Зозо пролепетала что-то про повышенную стипендию, которую
Мефу платят в гимназии как лучшему ученику. Хаврон захохотал и заявил, что если
так, он немедленно бросает работу, отправляется в школу и становится там лучшим
учеником.
– Что, очень много денег? – спросила Зозо робко.
Эдя задумался.
– Ну как тебе сказать… Не так чтобы безумно много, но
больше, чем у меня в тот момент, точно. А когда у парня четырнадцати лет
слишком много денег, это наводит на всякие мысли, – сказал Эдя, воздевая палец
так веско, будто там, на потолке, болталась в петле абсолютная истина.
Зозо встревожилась. Практической интуиции брата она
доверяла.
– На какие такие мысли?
– Первым делом, что неплохо было бы поделиться с дядей. Он
должен мне за чуткое мужское руководство и моральную опеку.
Зозо царапнула брата неласковым взглядом.
– Таких дядь у всякого винного магазина можно бульдозером
сгребать. У Мефодия и мать есть, между прочим!
– То-то и оно, что между прочим… – парировал Хаврон.
Он поскреб шею и ощутил неудержимое желание сказать сестре
какую-нибудь гадость. Желание это посещало его тем чаще, чем хуже шли дела у
самого Эди.
– А еще у Мефодия твоего девушка есть, а тебе плевать! –
сказал он ябедническим тоном.
– Какая еще девушка? – встревожилась Зозо.

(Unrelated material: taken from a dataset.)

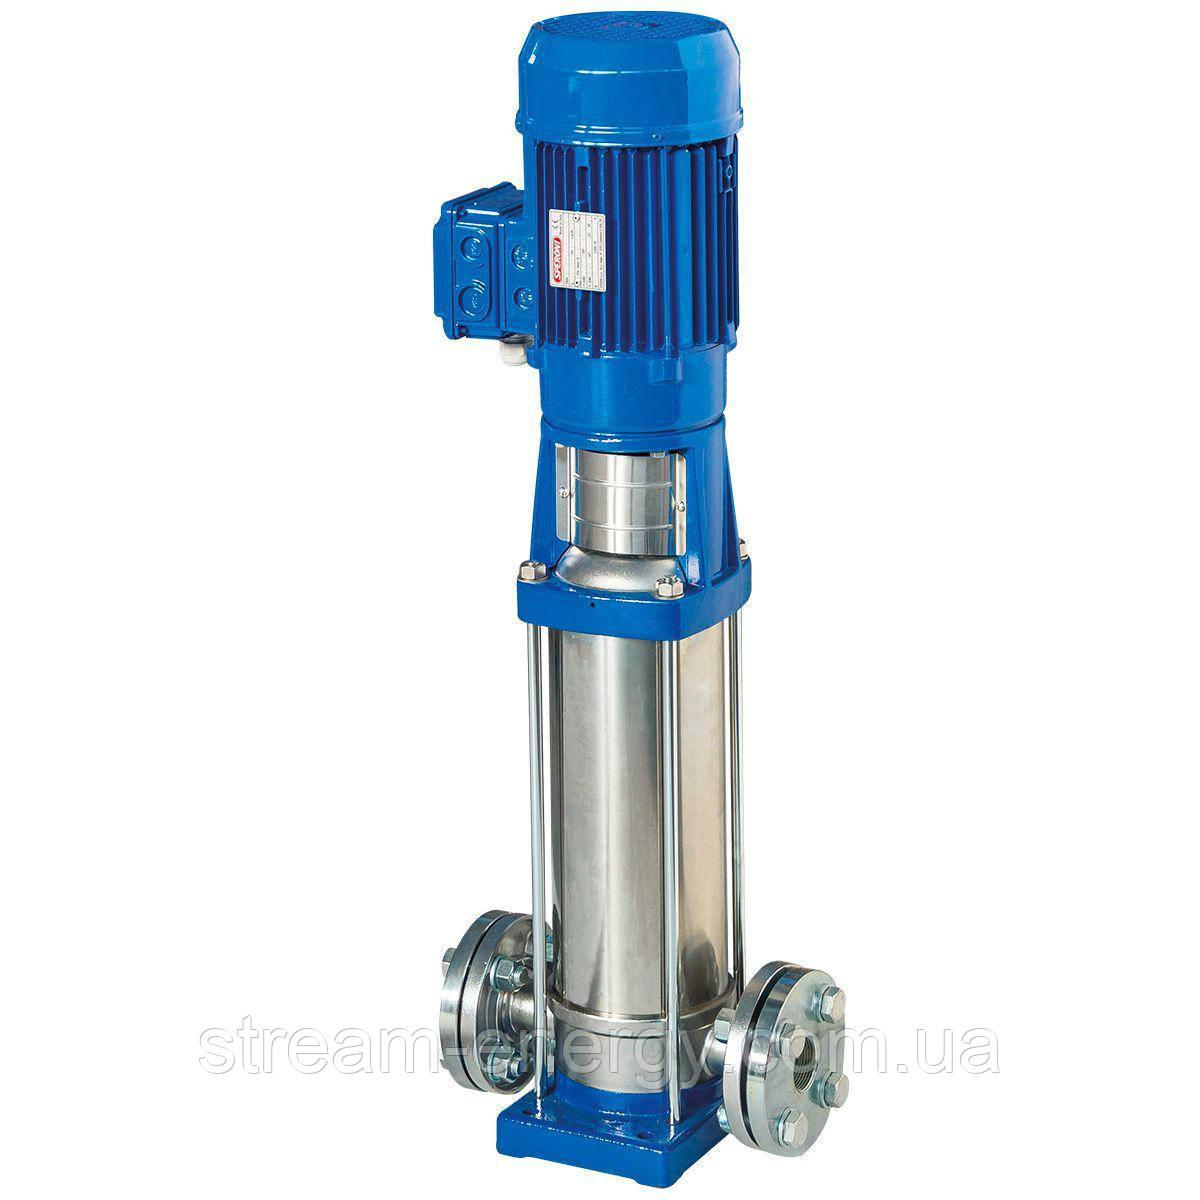 Вертикальный насос для воды Speroni VS 4-16, напор 152м

Мамы мальчиков почему-то всегда трясутся о своих тонконогих
адамчиках куда больше, чем мамы девушек о своих подрастающих евочках. Им
мерещится, что всякая готова загрести ее никому не нужное сокровище и спрятать
его в мешок. Конечно, девушкам это кажется смешным, но потом они сами
становятся матерями и ситуация повторяется.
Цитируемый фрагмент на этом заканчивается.